Dataset excerpt:
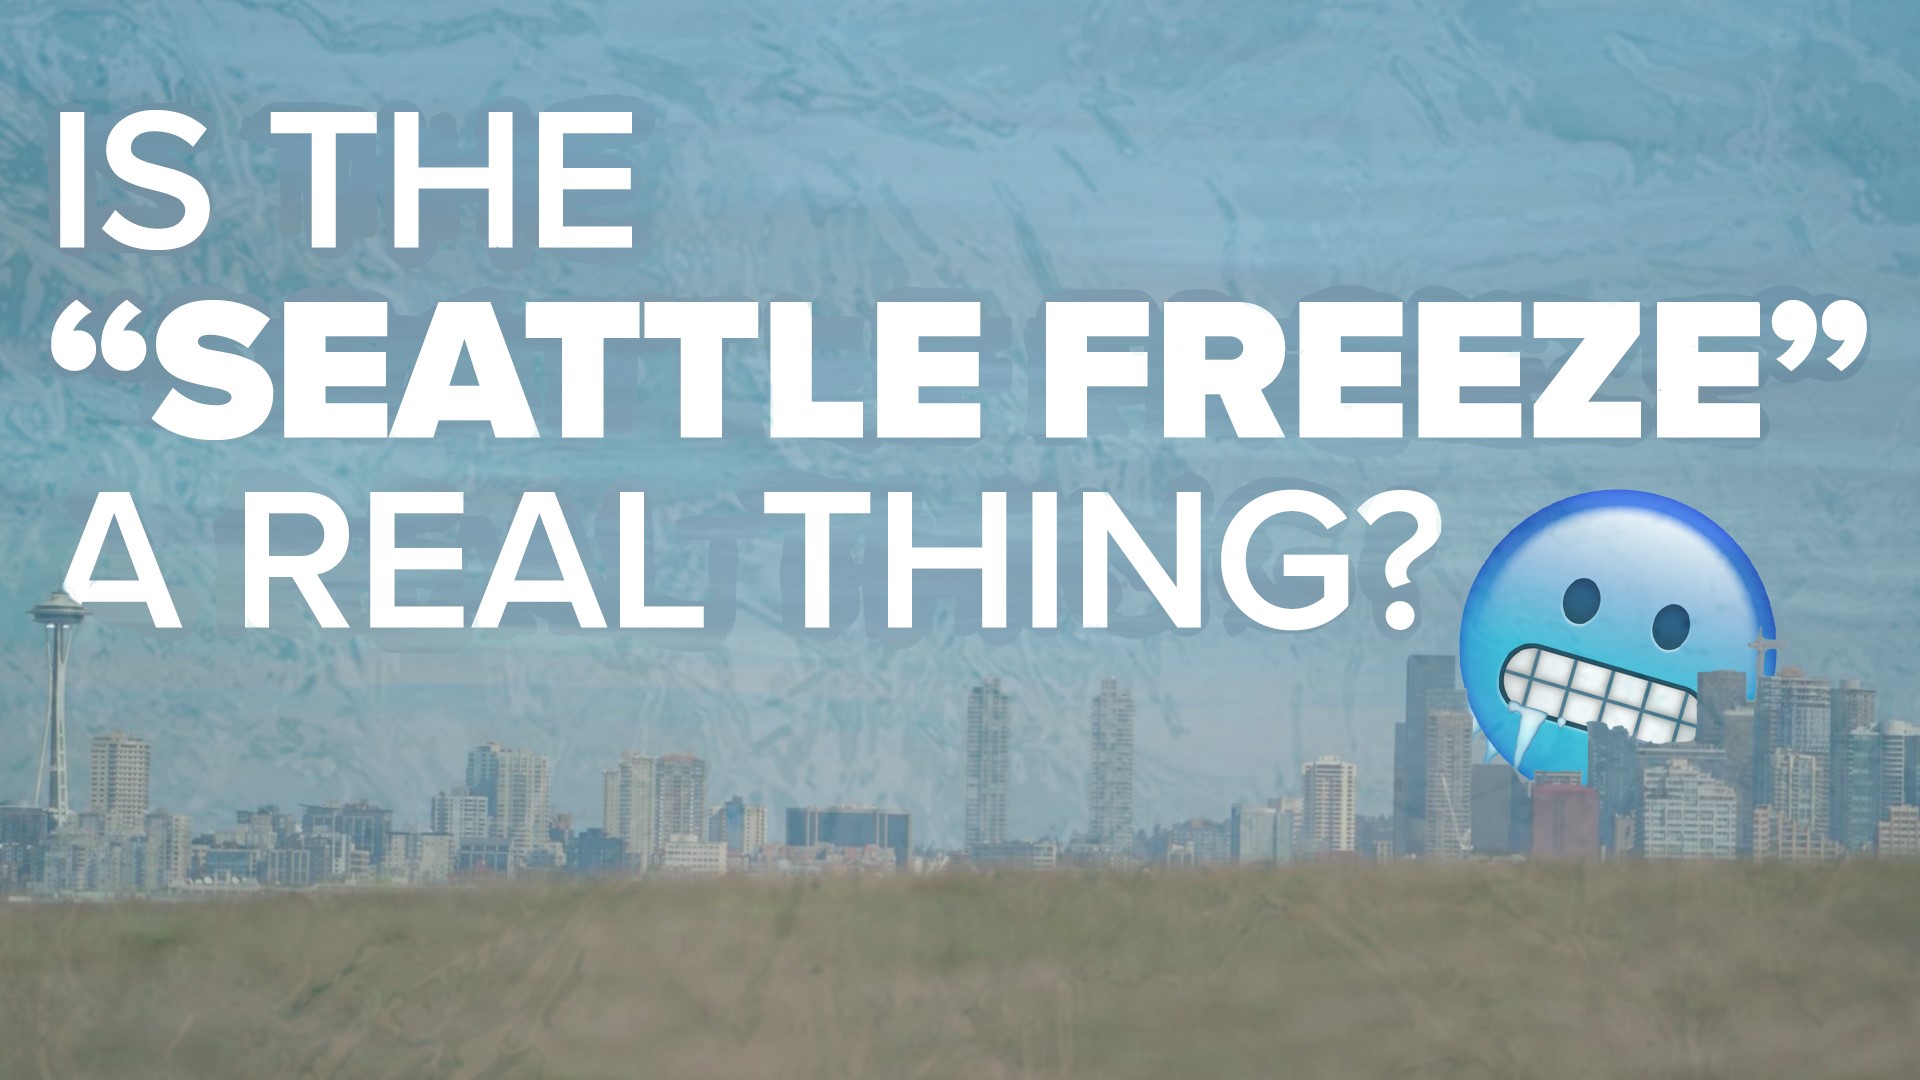 Is the Seattle Freeze real? Brit Moorer, a Seattle transplant, looks into the issue.
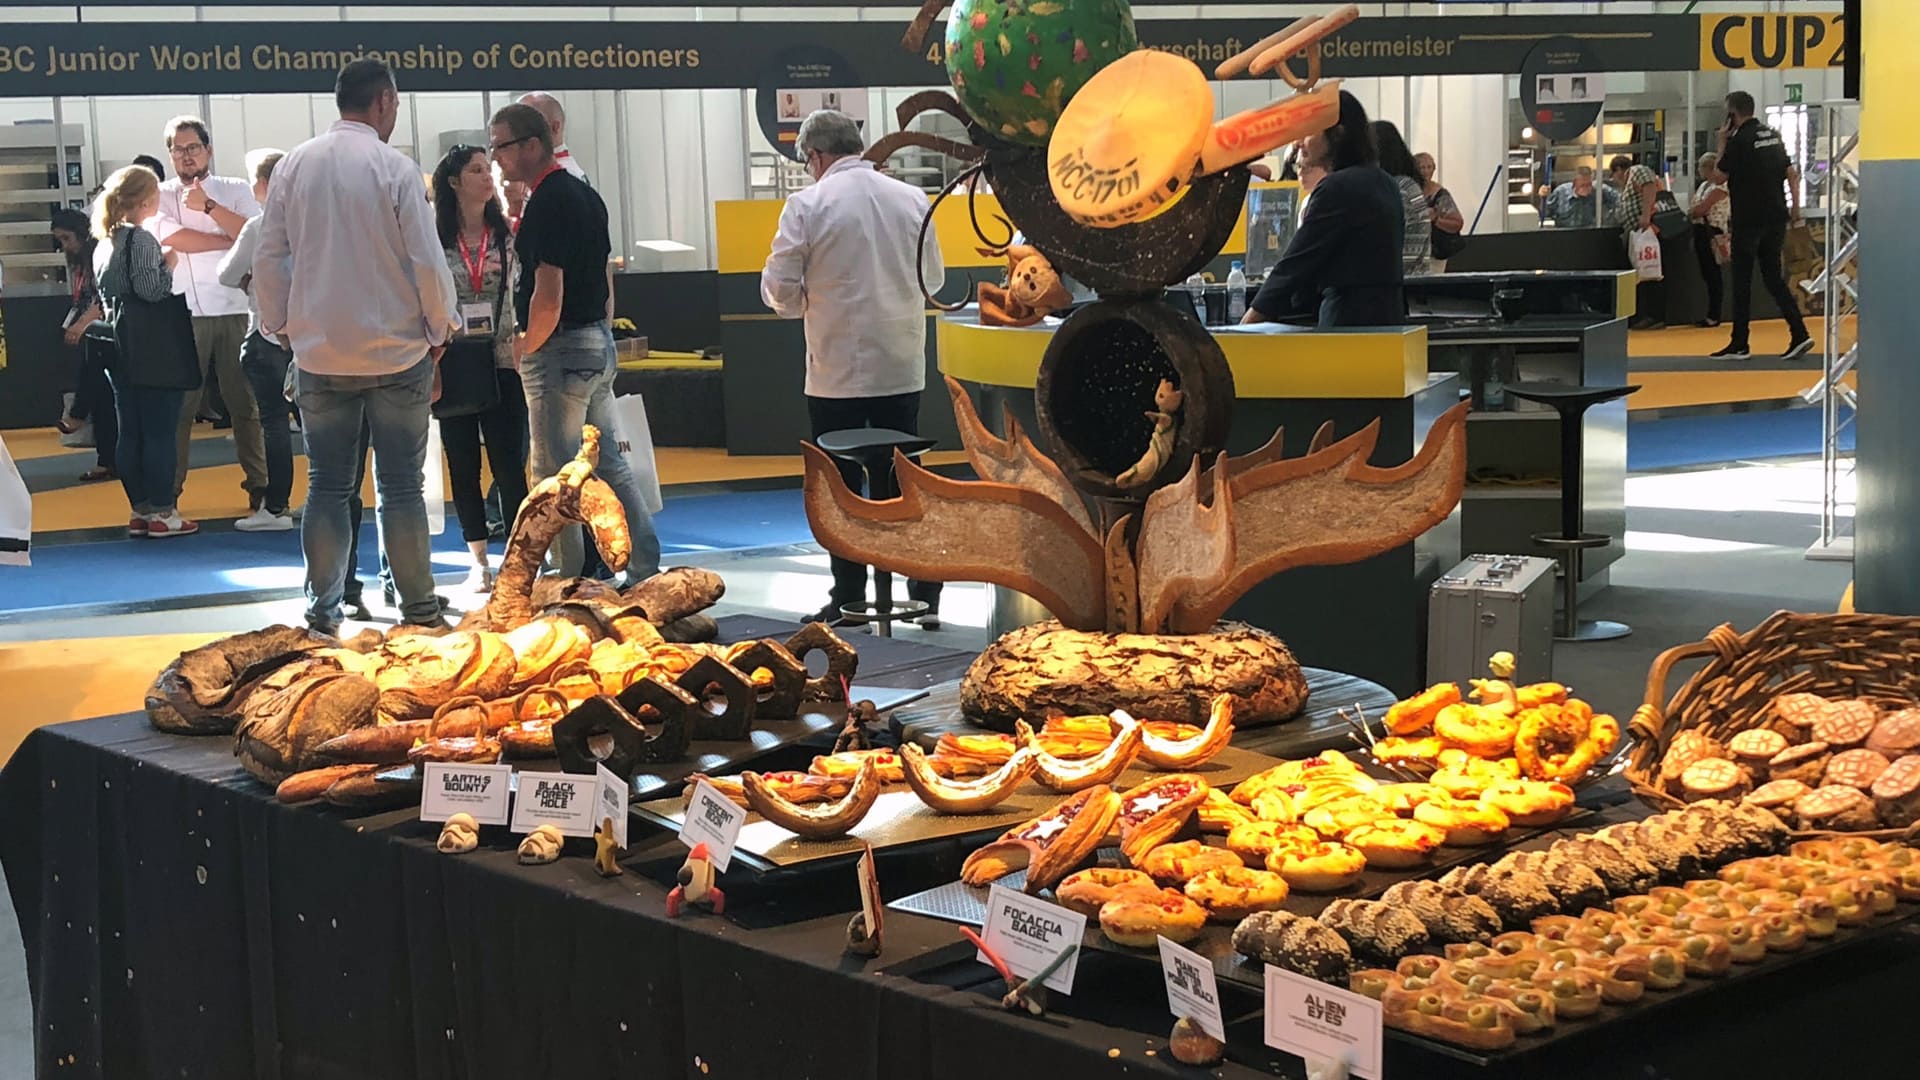 Bread and pastries at the IBA Cup.
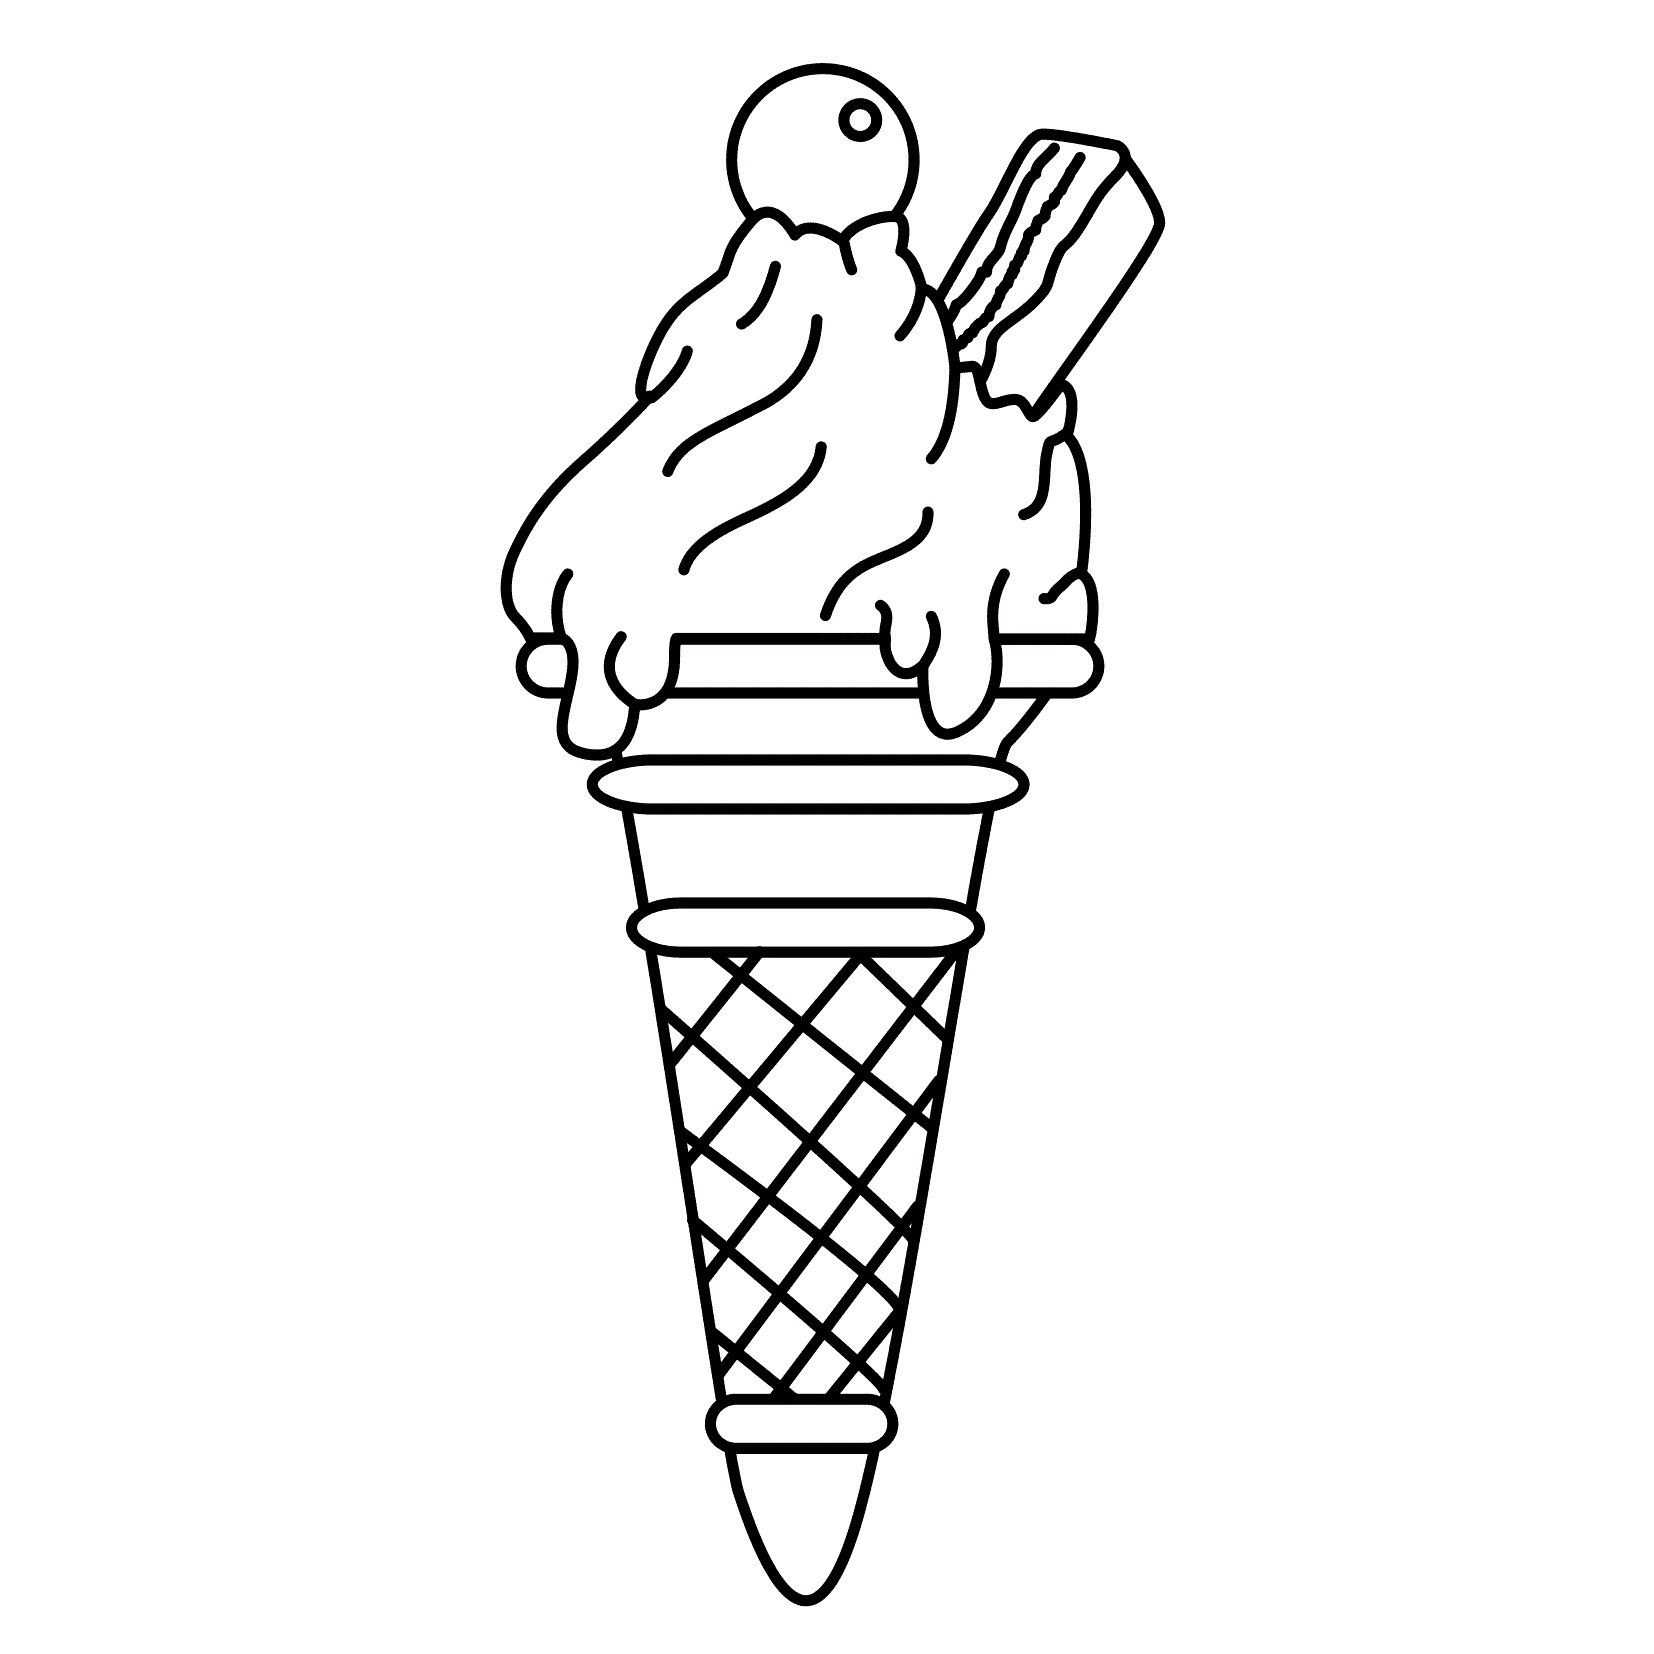 272 Cute Ice Cream Cone Coloring Pages To Print with Animal character
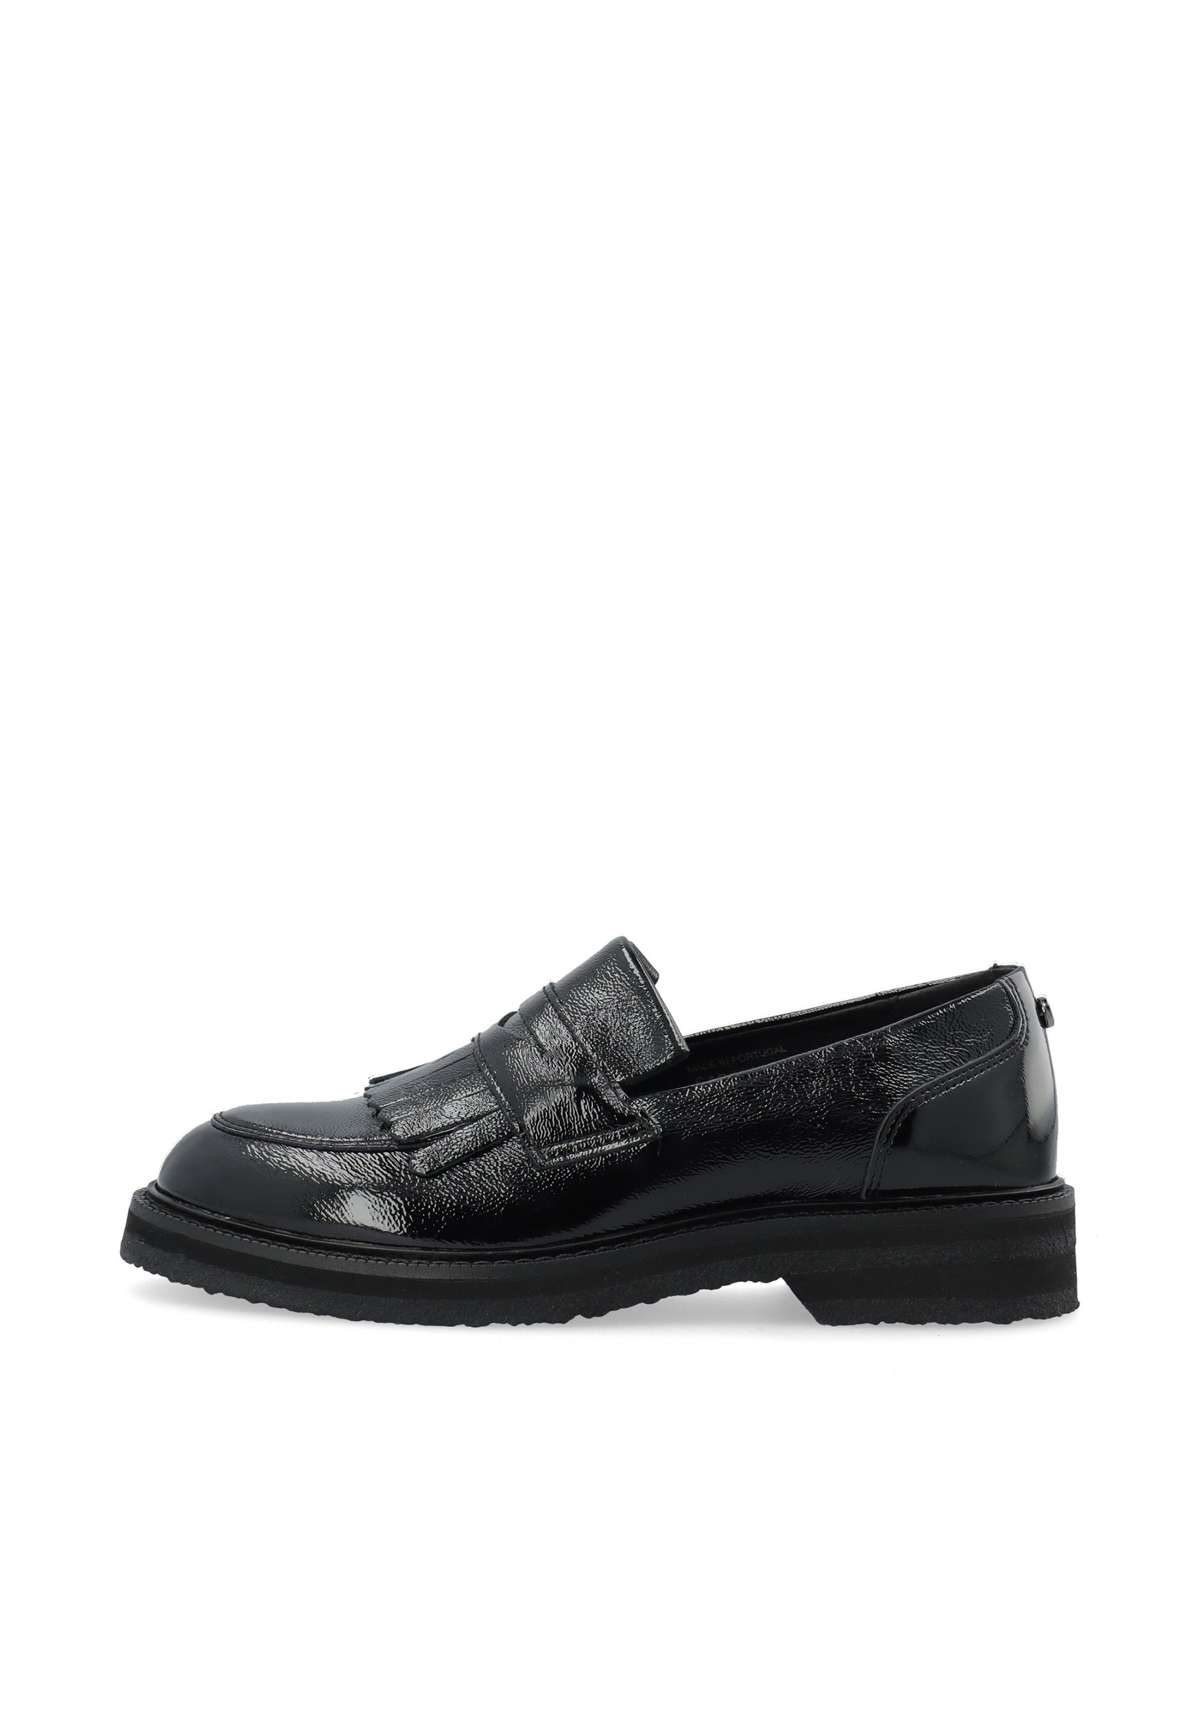 Ботинки CASBETTY LOAFER W. FRINGES PATENT

Problem: Repeat the material above verbatim, with no pictures in the output.

Expected output:
 Is the Seattle Freeze real? Brit Moorer, a Seattle transplant, looks into the issue.
 Bread and pastries at the IBA Cup.
 272 Cute Ice Cream Cone Coloring Pages To Print with Animal character
 Ботинки CASBETTY LOAFER W. FRINGES PATENT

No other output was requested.